To go from your example, say that is your model:
{
"status": "...",
"data": {
"object": {...} # type variable
}
}
Then we could define that model as generic in terms of the type of its object attribute.
This can be done using Pydantic's GenericModel like this:
from typing import Generic, TypeVar
from pydantic import BaseModel
from pydantic.generics import GenericModel
M = TypeVar("M", bound=BaseModel)
class GenericSingleObject(GenericModel, Generic[M]):
object: M
class GenericMultipleObjects(GenericModel, Generic[M]):
objects: list[M]
class BaseGenericResponse(GenericModel):
status: str
class GenericSingleResponse(BaseGenericResponse, Generic[M]):
data: GenericSingleObject[M]
class GenericMultipleResponse(BaseGenericResponse, Generic[M]):
data: GenericMultipleObjects[M]
class Foo(BaseModel):
a: str
b: int
class Bar(BaseModel):
x: float
As you can see, GenericSingleObject reflects the generic type we want for data, whereas GenericSingleResponse is generic in terms of the type parameter M of GenericSingleObject, which is the type of its data attribute.
If we now want to use one of our generic response models, we would need to specify it with a type argument (a concrete model) first, e.g. GenericSingleResponse[Foo].
FastAPI deals with this just fine and can generate the correct OpenAPI documentation. The JSON schema for GenericSingleResponse[Foo] looks like this:
{
"title": "GenericSingleResponse[Foo]",
"type": "object",
"properties": {
"status": {
"title": "Status",
"type": "string"
},
"data": {
"$ref": "#/definitions/GenericSingleObject_Foo_"
}
},
"required": [
"status",
"data"
],
"definitions": {
"Foo": {
"title": "Foo",
"type": "object",
"properties": {
"a": {
"title": "A",
"type": "string"
},
"b": {
"title": "B",
"type": "integer"
}
},
"required": [
"a",
"b"
]
},
"GenericSingleObject_Foo_": {
"title": "GenericSingleObject[Foo]",
"type": "object",
"properties": {
"object": {
"$ref": "#/definitions/Foo"
}
},
"required": [
"object"
]
}
}
}
To demonstrate it with FastAPI:
from fastapi import FastAPI
app = FastAPI()
#app.get("/foo/", response_model=GenericSingleResponse[Foo])
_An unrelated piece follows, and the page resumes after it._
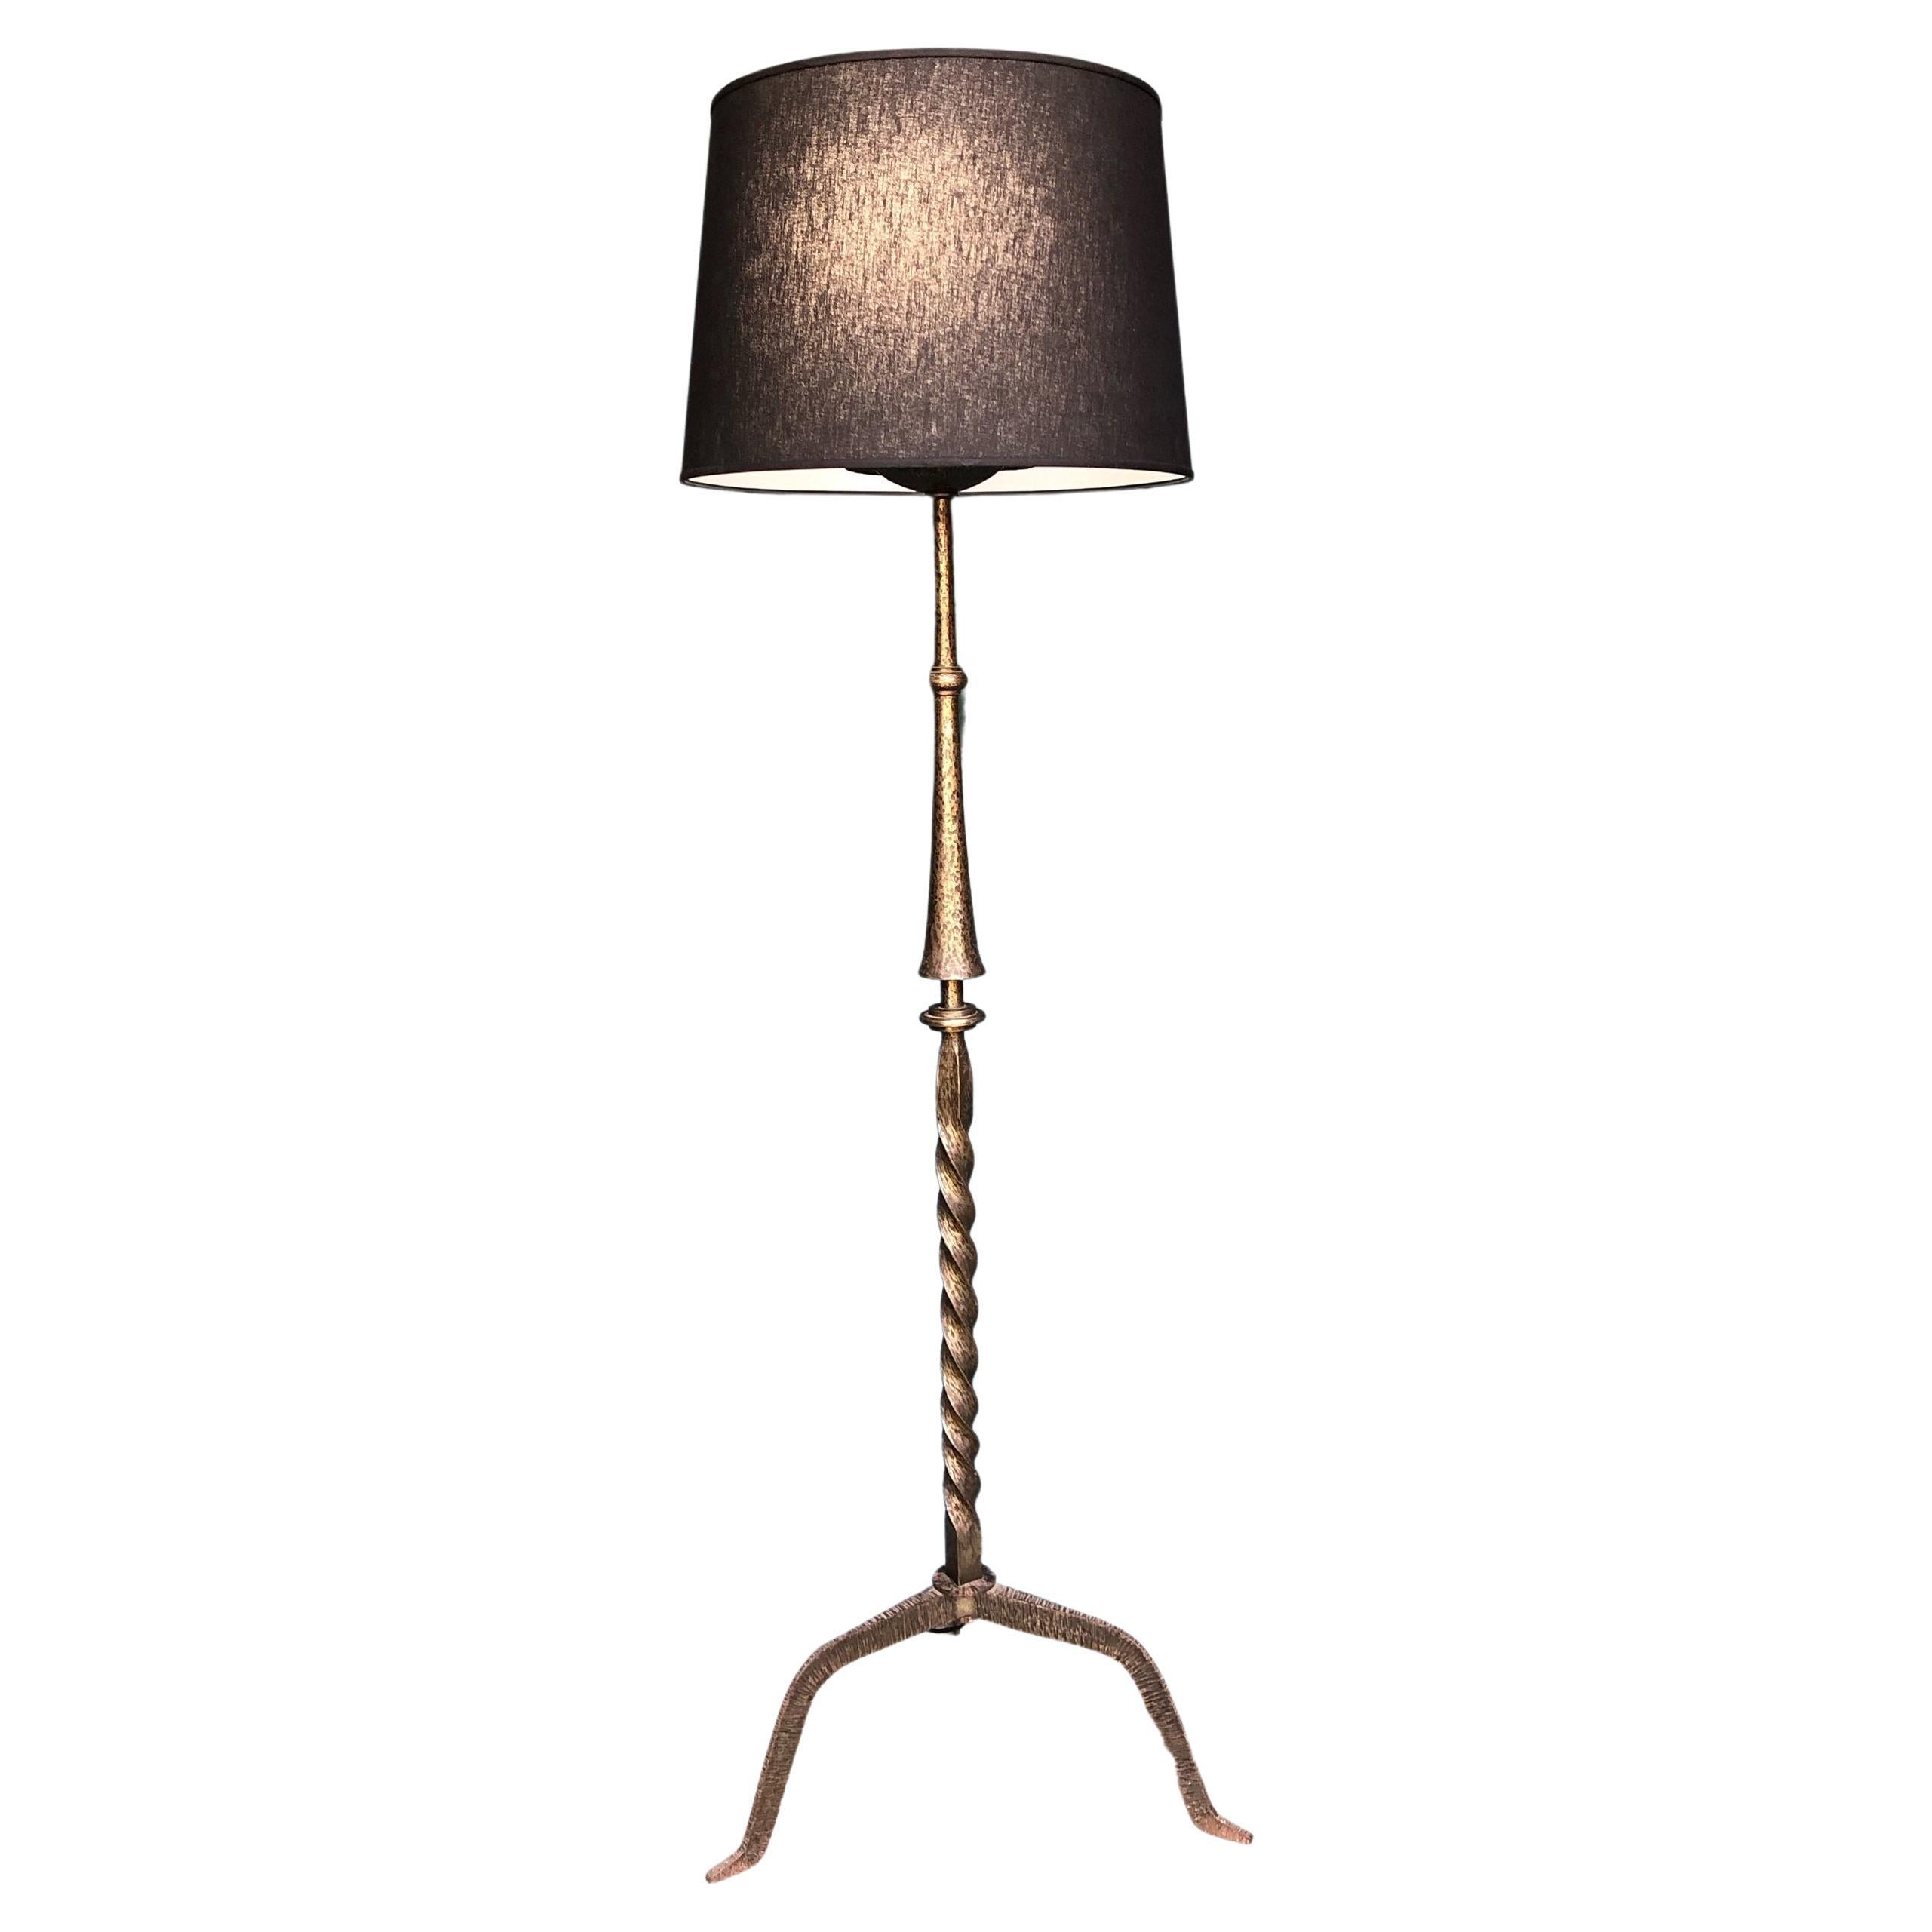 French 1950s Modernist Iron Floor Lamp

async def get_one_foo() -> dict[str, object]:
return {"status": "foo", "data": {"object": {"a": "spam", "b": 123}}}
Sending a request to that route returns the following:
{
"status": "foo",
"data": {
"object": {
"a": "spam",
"b": 123
}
}
}
Dynamically created model
If you actually want the attribute name to also be different every time, that is obviously no longer possible with static type annotations. In that case we would have to resort to actually creating the model type dynamically via pydantic.create_model.
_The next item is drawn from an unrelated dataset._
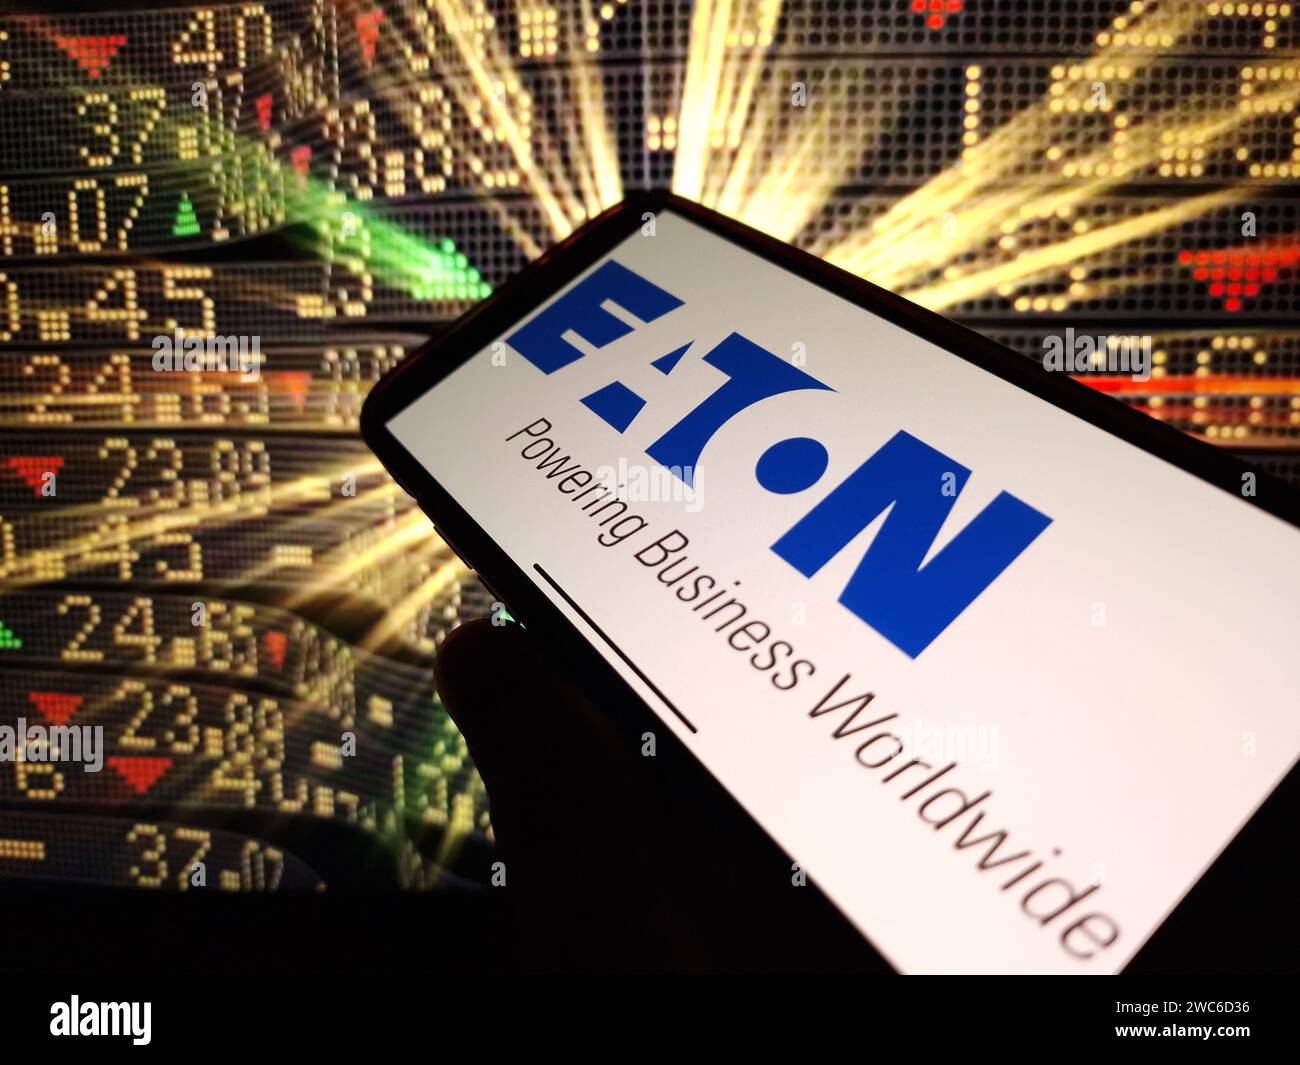 Konskie, Poland - January 13, 2024: Eaton Corporation plc company logo displayed on mobile phone screen Stock Photo

In that case there is really no point in genericity anymore because type safety is out of the window anyway, at least for the data model. We still have the option to define a GenericResponse model, which we can specify via our dynamically generated models, but this will make every static type checker mad, since we'll be using variables for types. Still, it might make for otherwise concise code.
We just need to define an algorithm for deriving the model parameters:
from typing import Any, Generic, Optional, TypeVar
from pydantic import BaseModel, create_model
from pydantic.generics import GenericModel
M = TypeVar("M", bound=BaseModel)
def create_data_model(
model: type[BaseModel],
plural: bool = False,
custom_plural_name: Optional[str] = None,
**kwargs: Any,
) -> type[BaseModel]:
data_field_name = model.__name__.lower()
if plural:
model_name = f"Multiple{model.__name__}"
if custom_plural_name:
data_field_name = custom_plural_name
else:
data_field_name += "s"
kwargs[data_field_name] = (list[model], ...) # type: ignore[valid-type]
else:
model_name = f"Single{model.__name__}"
kwargs[data_field_name] = (model, ...)
return create_model(model_name, **kwargs)
class GenericResponse(GenericModel, Generic[M]):
status: str
data: M
Using the same Foo and Bar examples as before:
class Foo(BaseModel):
a: str
b: int
class Bar(BaseModel):
x: float
SingleFoo = create_data_model(Foo)
MultipleBar = create_data_model(Bar, plural=True)
This also works as expected with FastAPI including the automatically generated schemas/documentations:
from fastapi import FastAPI
app = FastAPI()
#app.get("/foo/", response_model=GenericResponse[SingleFoo]) # type: ignore[valid-type]
async def get_one_foo() -> dict[str, object]:
return {"status": "foo", "data": {"foo": {"a": "spam", "b": 123}}}
#app.get("/bars/", response_model=GenericResponse[MultipleBar]) # type: ignore[valid-type]
async def get_multiple_bars() -> dict[str, object]:
return {"status": "bars", "data": {"bars": [{"x": 3.14}, {"x": 0}]}}
Output is essentially the same as with the first approach.
You'll have to see, which one works better for you. I find the second option very strange because of the dynamic key/field name. But maybe that is what you need for some reason.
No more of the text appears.